4) MARTHA MARCY MAY MARLENE
There's two great sense of discovery to be held in Martha Marcy May Marlene. The first is the great leading performance from Elizabeth Olsen, whose character of a girl trying to re-assimilate after being seduced by a cult, one such that by design lacks dimension that is delivered with such authority and movie-star in the making expressiveness. The other is from writer\director Sean Durkin, who is in his debut feature has mounted a film of such intelligence and haunting scope and ambiguity. The crispness of the editing, the somber but achingly realistic performances, the beautifully and chilly photography-- how could something this accomplished, and of such few first-time hiccups, be concocted by someone so new. Whatever the magic, I eagerly await the next outing. And Olsen's as well, who shines in a fresh ensemble cast, including John Hawkes, whose resume undone, is absolutely credible as MMMM's seducer.
3) MELANCHOLIA
He's been called many things-- misogynist, misanthrope, Nazi sympathizer-- but who would ever expect to add the romantic to the long laundry list of words to describe auteur Lars von Trier. Especially when his tacking something like the end of the world. Whatever happened, it needs no explanation, as long it creates more movies like Melancholia, a tender, achingly beautiful operetta that while exploring things like the apocalypse and crippling depression happen to showcase the softest side to von Trier perhaps ever. A tale of sisters-- masterfully played by Kirsten Dunst and Charlotte Gainsbourgh-- and a chart through the human condition of grief, anguish and romance, Melancholia is perhaps the closest 2011 ever came to something like true cinema.
2) WEEKEND
Andrew Haigh's documentary-like Brief Encounter with two handsome guys from Yorkshore who share a weekend, and nothing more, of conversation, debate and sex, was the greatest romance of the year, perhaps one of the greatest in some time in it's raw honesty and deep understanding of it's characters and their place inside and out.

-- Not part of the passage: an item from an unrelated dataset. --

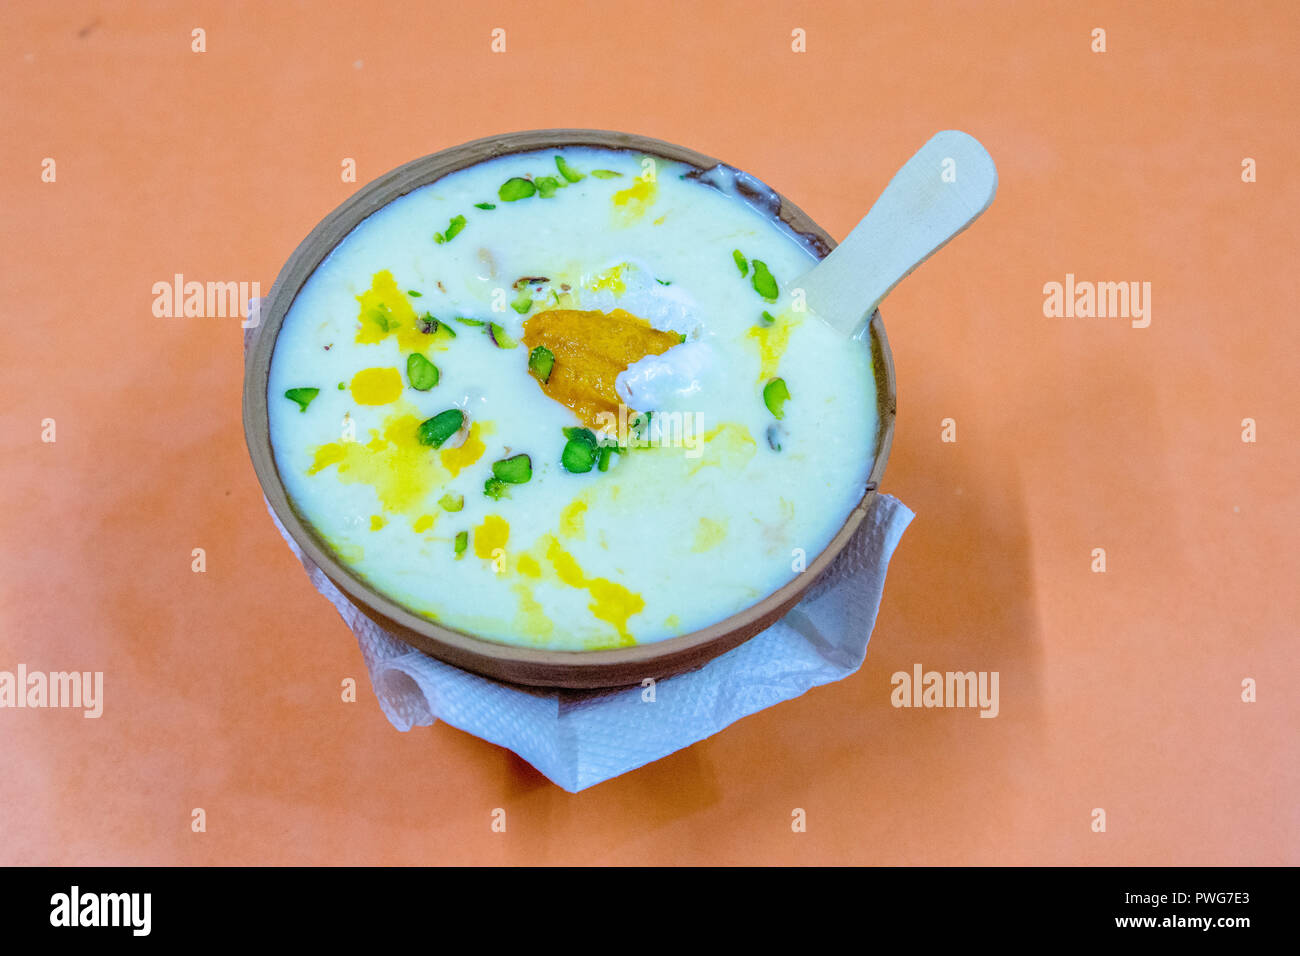 Lassi a traditional dahi (yogurt) based drink that originated in India. Lassi is a blend of yogurt, water, spices and sometimes fruit. Stock Photo

The transcendent nature is rooted in two contradictory ways-- one in which Haigh's revelatory feature harkens back to great Queer New Wave of the early '90s (when the likes of van Sant, Haynes and Aroki were setting the bar) but also in it's own sophistication and insight is a light to any relationship, gay or straight. Much of the praise too must be bestowed to leading actors Tom Cullen and Chris New, both newcomers, and both who recite with such an unforced intimacy and graceful naturalism that this tightly structured chamber piece feels entirely the opposite-- lived-in and natural.
1) THE ARTIST
So here's the pitch: there's this silent film, shot in black and white, one that's a throwback to Hollywood silents of yore (not just in style, but technique), oh and it's directed by a French filmmaker, starring French actors, shot in Hollywood. Whatever the case, Harvey Weinstein new what he was doing when he snatched this joyful and playful homage to old-school cinema back at last years Cannes Film Festival. And be grateful he did, now that everyone has a chance to revel in it's one of a kind movie magic. What strikes first as mere pastiche, proves a heart-breaking journey of the expression of the medium itself. Director Michel Hazanavicius doesn't shy away from his influences, but creates something special and unique in his own-- a film unabashedly in love with the possibilities and impossibilities of movie-making, and lasting piece piece of cinema in its own right. Jean Dujardin, whose a cross between Douglas Fairbanks and Gene Kelly, has so much radiance and charm that we forget about words within minutes, and remember the great Norma Desmond quote, "We had faces then," that crazy, murderous bat would be proud.